流浪 流浪远方——三毛《撒哈拉的故事》

在讲了李碧华系列以后,其实我犹豫了挺久,要不要开始讲下一个系列。因为现在回过头来看,李碧华的很多故事,我都感觉没有讲好。因为能力不够,这位我很喜欢的作家,没能让你产生兴趣,没有那种想买本书来看一看的冲动,还是会有点遗憾。所以我在想,要不要等我能力更提升一点,再开始这个系列,能让更多的人了解喜欢这位作家,或者因为这位作家喜欢我。可转念一想,要是我自己在最开始都没有这种表达和分享的热情,那么这个账号能不能做下去都不一定的。所以,今天会开始新的一个系列——三毛。希望喜欢她的人,能在这里找到共鸣。
言归正传,三毛,稍微喜欢文学一点的朋友,就没有不知道的。记得我最早听说三毛的名字,是在初中。当时在一个同学的作文里,听到一个叫三毛的作家用丝袜自缢而亡,当时心中一惊,不解为什么要采用这样的离开方式。后来,在看了她的小说,了解她与荷西的爱情故事之后,这样的结局更是让人唏嘘不已。
三毛,本名陈懋平,因为嫌懋字太难写,自己改名陈平。从小就不是一个省心的孩子,旅行和读书是她生命中的两颗一级星,最快乐和最疼痛都夹杂其中。她与荷西的爱情故事在这里先不讲,有兴趣的小伙伴可以自行去搜索下看。今天想介绍的是她和荷西在撒哈拉沙漠结婚后,由此写出的一系列散文作品。如果你没有读过三毛,那么我建议你从这本《撒哈拉的故事》读起。这本书里有苦有甜,有撒哈拉沙漠的狂野和温柔,有活力四射妙趣横生的婚姻生活,有神秘诡异奇趣的异国风情风俗,有哀其不幸怨其不争的奇人奇事。
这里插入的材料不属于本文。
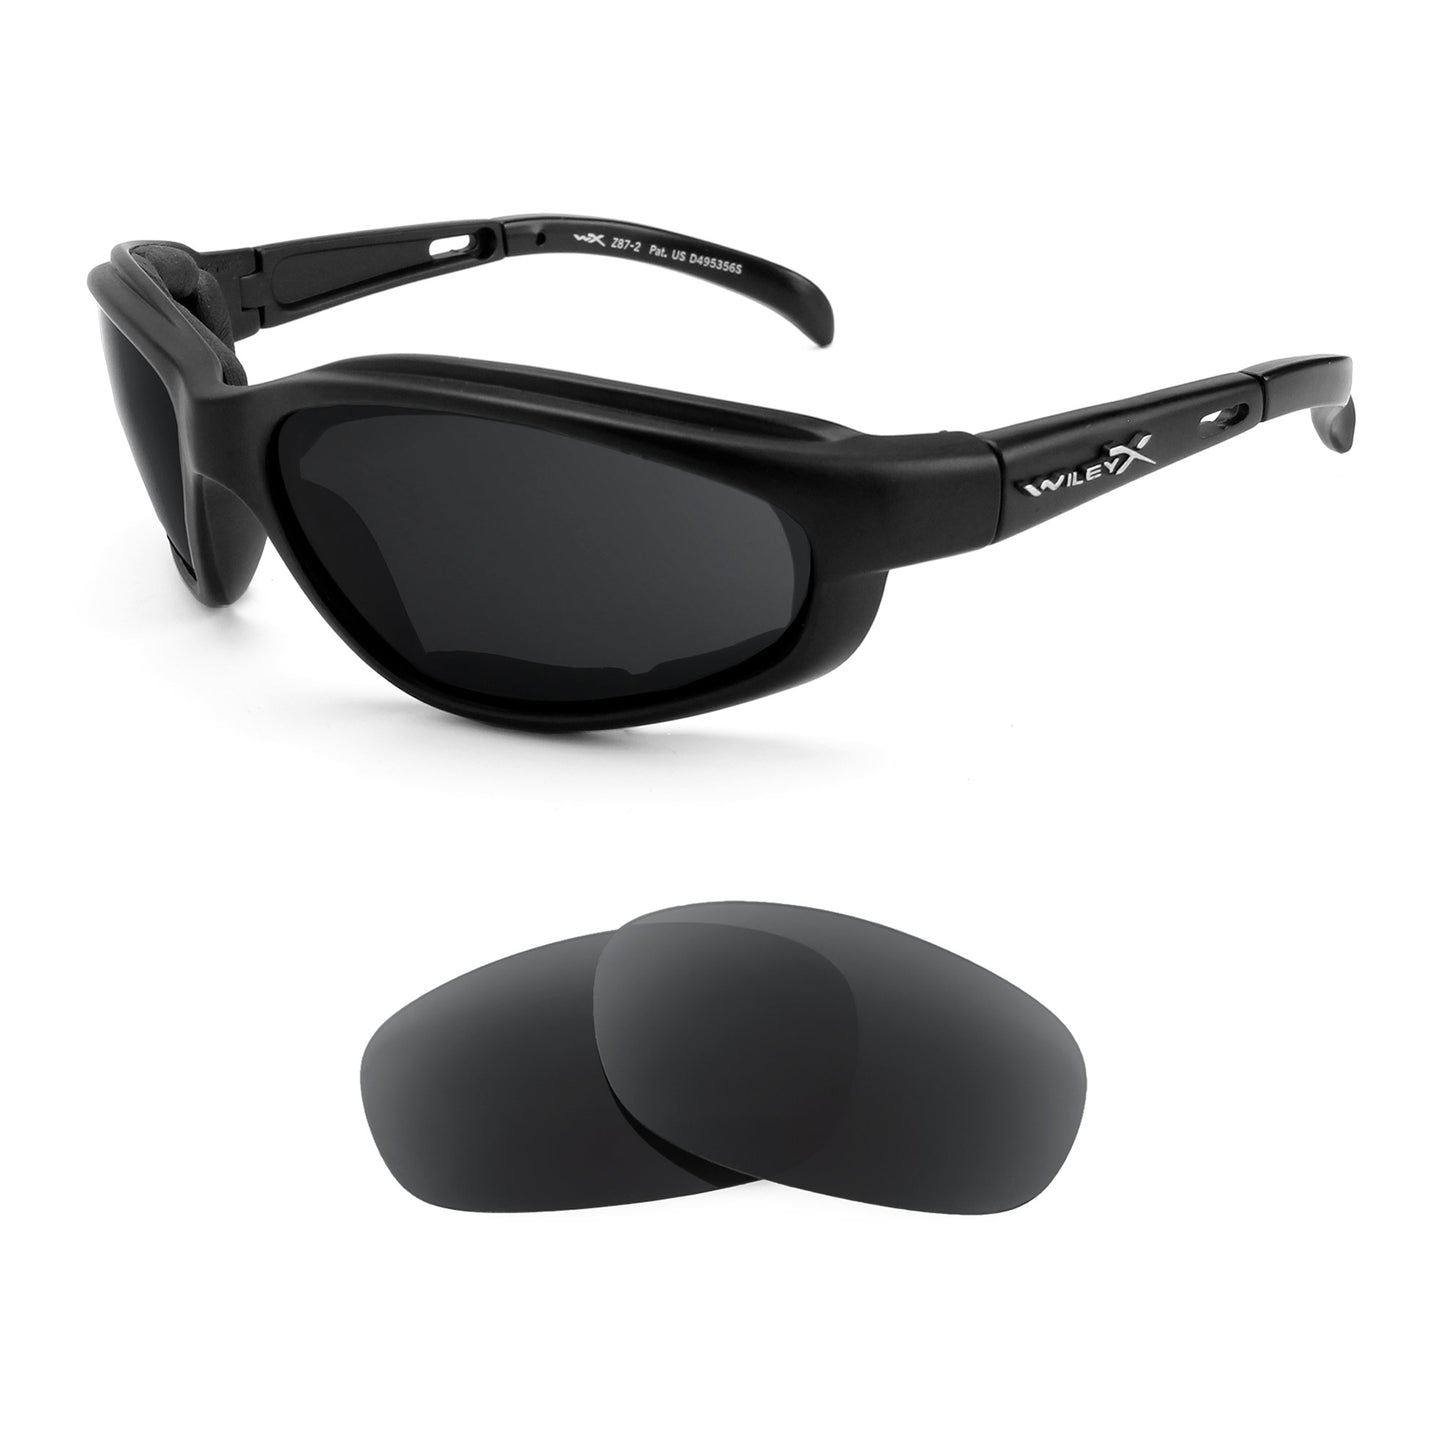 Wiley X XL-1 sunglasses with replacement lenses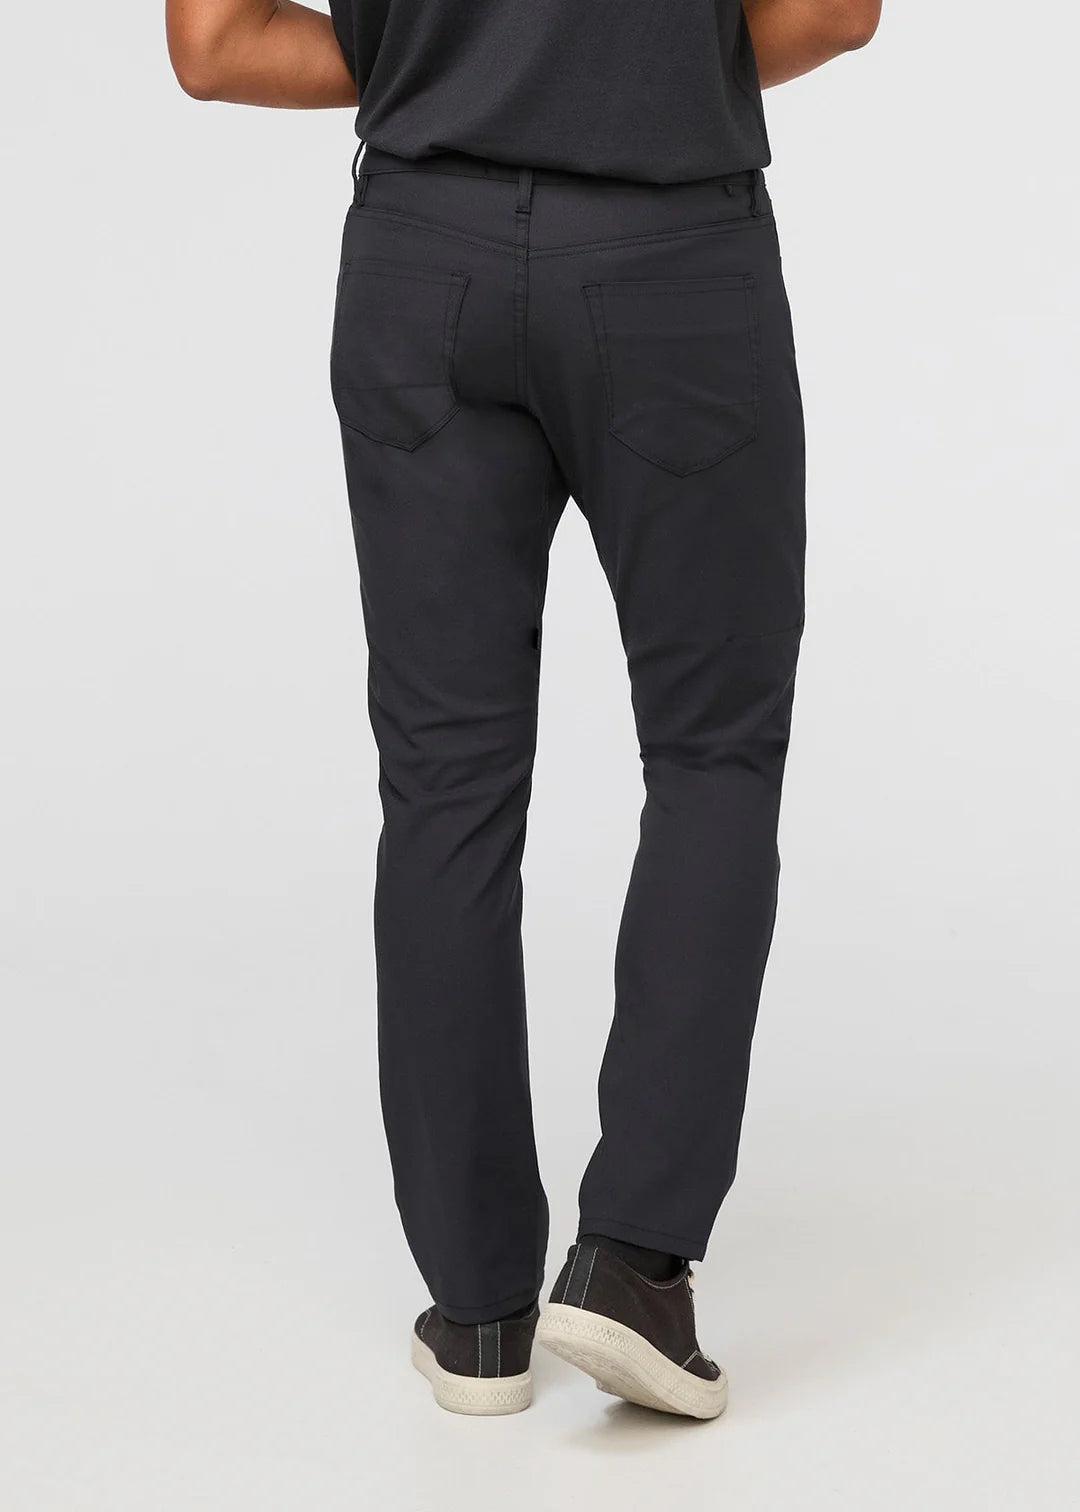 Back view of DUER's NuStretch Relaxed 5-Pocket Pant in the color Black

先说甜的部分。三毛要嫁给荷西了,在走完一系列公文程序后,他们终于要在西属撒哈拉沙漠阿雍小镇结婚了。穿一件淡蓝细麻布的长衣服,戴一顶草编的阔边帽子,别一把香菜在帽子上,走着路去镇上公证。荷西送了一副骆驼头骨做新婚礼物,三毛感慨:可真豪华。捡了装棺材的空木箱来做家具,用旧的汽车外胎填上一个红布坐垫就是座椅,深绿色的大水瓶插上一丛怒放的野地荆棘,别有一番痛苦的诗意,铁皮和玻璃做的风灯,快腐烂羊皮硝出来的坐垫,总督家矮墙外挖来的爬藤,三毛和荷西在撒哈拉沙漠白手成家。用粉丝煮鸡汤,三毛骗荷西说,这是春天下的第一场雨,在高山上被冻住了,被山民一束一束采摘下来卖了换酒喝。做一回“蚂蚁上树”,又说粉丝其实是钓鱼的尼龙线,加工后变得白白软软。粉丝和菠菜、肉搅碎做成馅饼,则被荷西误以为是鲨鱼的翅膀。柴米油盐,有爱,皆是情趣。
有甜也有苦。十岁的撒哈拉威女孩姑卡就要结婚了。婚前,她没有见过未婚夫一眼。结婚当天,她要拼命地挣扎,拼命地哭喊来显示自己的忠贞。夜晚,宾客在外喝茶吃肉,唱歌击鼓。天快亮时,新郎入洞房。随之,是一阵阵凄厉的哭喊声。等新郎拿着一块染着血迹的白布走出房时,他的朋友们开始呼叫。在他们的观念里,结婚初夜只是公然用暴力去夺取一个小女孩的贞操而已。而这样的婚礼庆祝一举行就是六天,夜夜如此。

还有沙漠里的奴隶。沙漠里看见有黑人住着就去捉,打昏了,用绳子绑一个月就不逃了,全家绑来,更不会逃,一代一代传下来,就成了财产可以买卖。三毛认识这样的一个哑奴。她给予哑奴一点小恩惠,哑奴没有东西回报,便会悄悄替三毛补山羊踩坏的天棚,夜间偷了水给他们洗车,刮大风了替他们收衣服。可是这样的哑奴最后还是难逃被主人卖掉的命运,三毛无能为力。眼看着他脸上的表情似悲似喜,白发在风里翻飞着,眼眶里干干的没有半滴泪水,只有嘴唇,不能控制地抖着。
这本书里还有荒山之夜、沙漠观浴记、收魂记、沙巴军曹、哭泣的骆驼等一个个奇特的故事,让人或喜或悲、叹为观止。在那个陌生的国度,三毛这位奇女子把故事讲得曲折离奇、活灵活现,让人心生向往。这可能就是我能想到的最早的诗与远方。